1357800 - Assessment of Left Ventricular Hemodynamic Forces in Pediatric Heart Transplant Patients

Heart transplant patients are at risk for sub-clinical and clinical rejection, which are often mild, focal and repetitive leading to myocardial fibrosis. These patients may have alter biomechanical properties despite having normal ejection fraction. Cardiac magnetic resonance (CMR) is a sensitive tool to identify both myocardial tissue parameters, and regional functional assessment; however, the unique biomechanical properties of the left ventricle (LV) cannot be assessed through conventional CMR techniques. Novel biomechanical parameters such as cine-derived hemodynamic force (HDF) may serve as early indicator for insidious biomechanical dysfunction¹. Thus, we investigated HDF through cine derived wall motion in the LV as a novel biomarker of myocardial dysfunction in post-transplant patients.

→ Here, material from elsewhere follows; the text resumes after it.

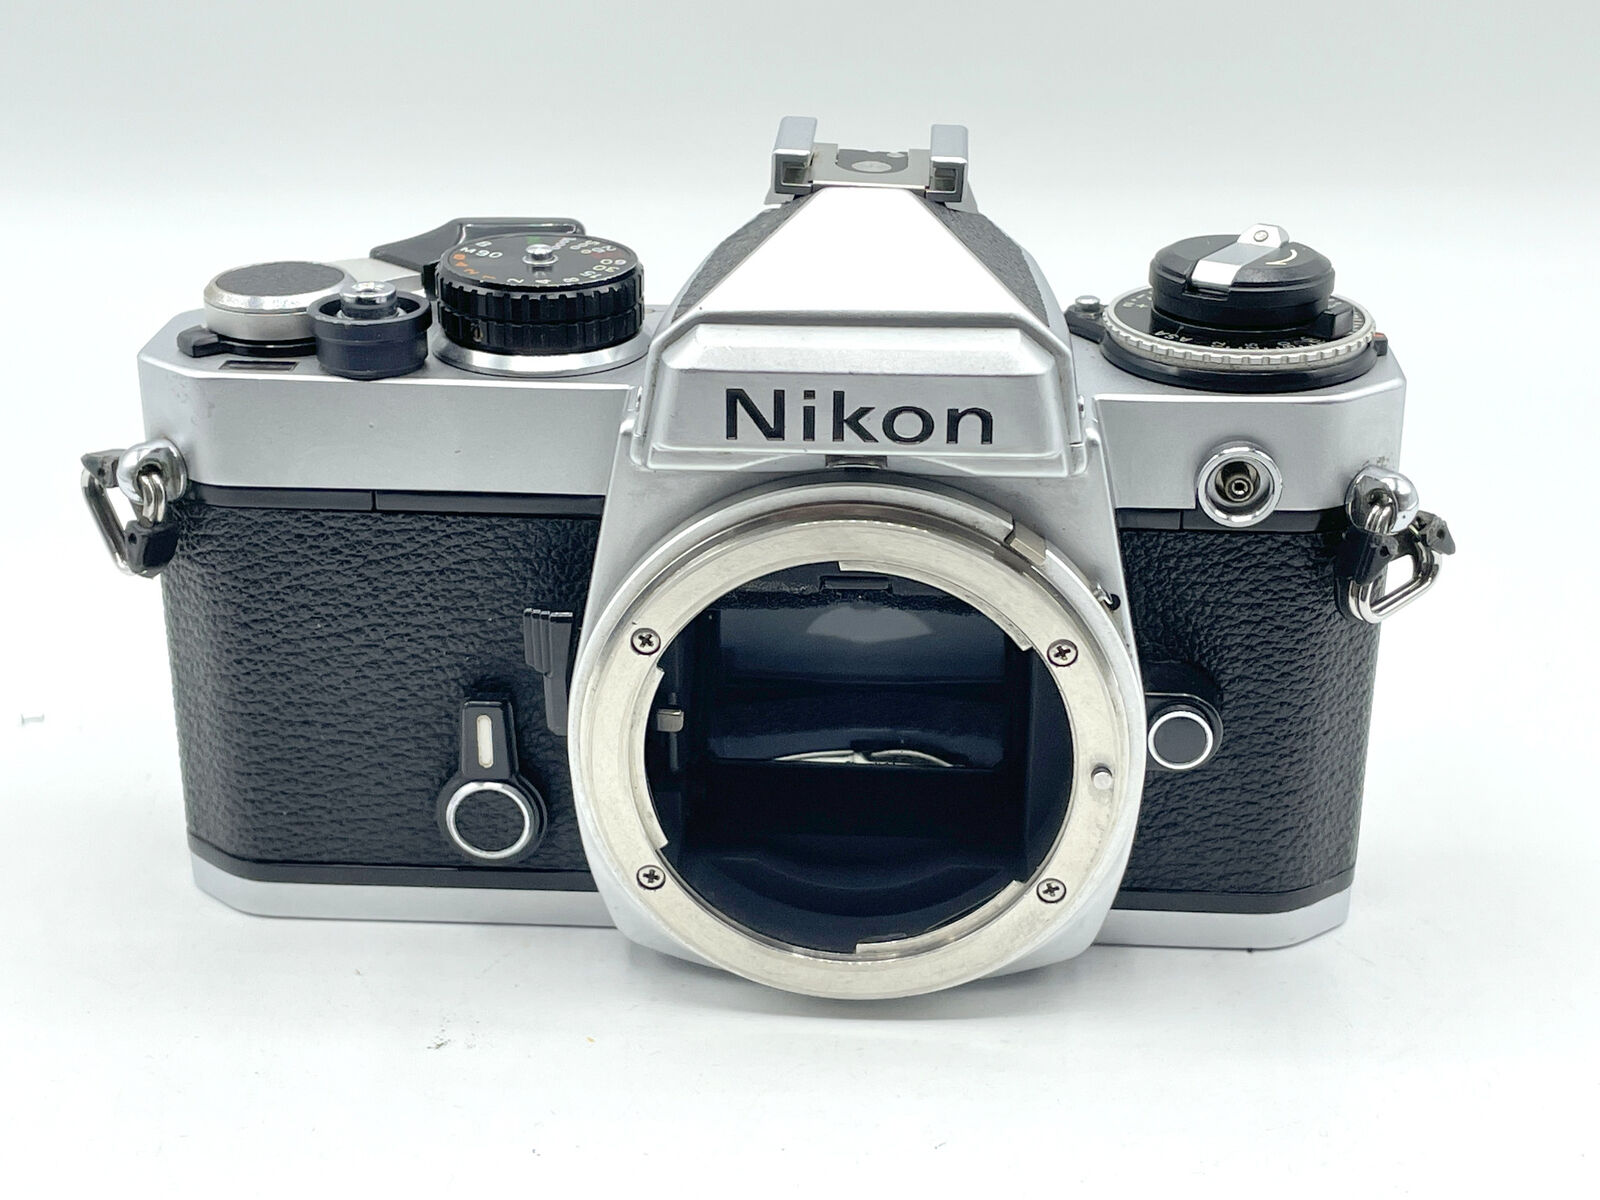 Nikon FE Manual Camera in Chrome or Black w/ optional 50mm 1.8 or 1.4 AI lens

Methods: A retrospective analysis of CMR studies from 13 heart transplanted patients (8 of whom had clinical or biopsy proven rejection and 5 with no evidence of rejection) and 11 controls was performed. Feature-tracking (Qstrain, Medis) was performed on short-axis and long-axis cine images to capture LV wall motion.  A novel technique based on diffeomorphic mapping was used to reconstruction three-dimensional LV kinematic models to calculate the global HDF vector and work (dot product of HDF and distance) throughout the cardiac cycle (Figure 1).  The magnitude of HDF across the cardiac cycle was further separated into three directions for analysis: apical-basal, lateral-septal, and anterior-posterior directions.


Results:

There was no significant difference in LV ejection fraction between transplant patients and controls (54+/- 6% vs 58+/- 4%, p > 0.05). Post-transplant hearts demonstrated reduction in systolic apical-basal (p=0.05) and lateral-septal (p=0.04) HDF when compared to controls with normal hearts (Figure 2). Post-transplant hearts also had reduction in systolic work performed by the LV (p=0.01) in comparison to controls. Interestingly, amongst transplant patients, there was no significant difference between the subgroups with active rejection versus those not being treated for rejection.



Conclusion:

Three-dimensional kinematic models of the LV could be used to measure altered HDF in pediatric transplant patients.  Further studies are needed to identify HDF and LV kinematics as potential markers for early transplant rejection and markers of overall long-term outcomes.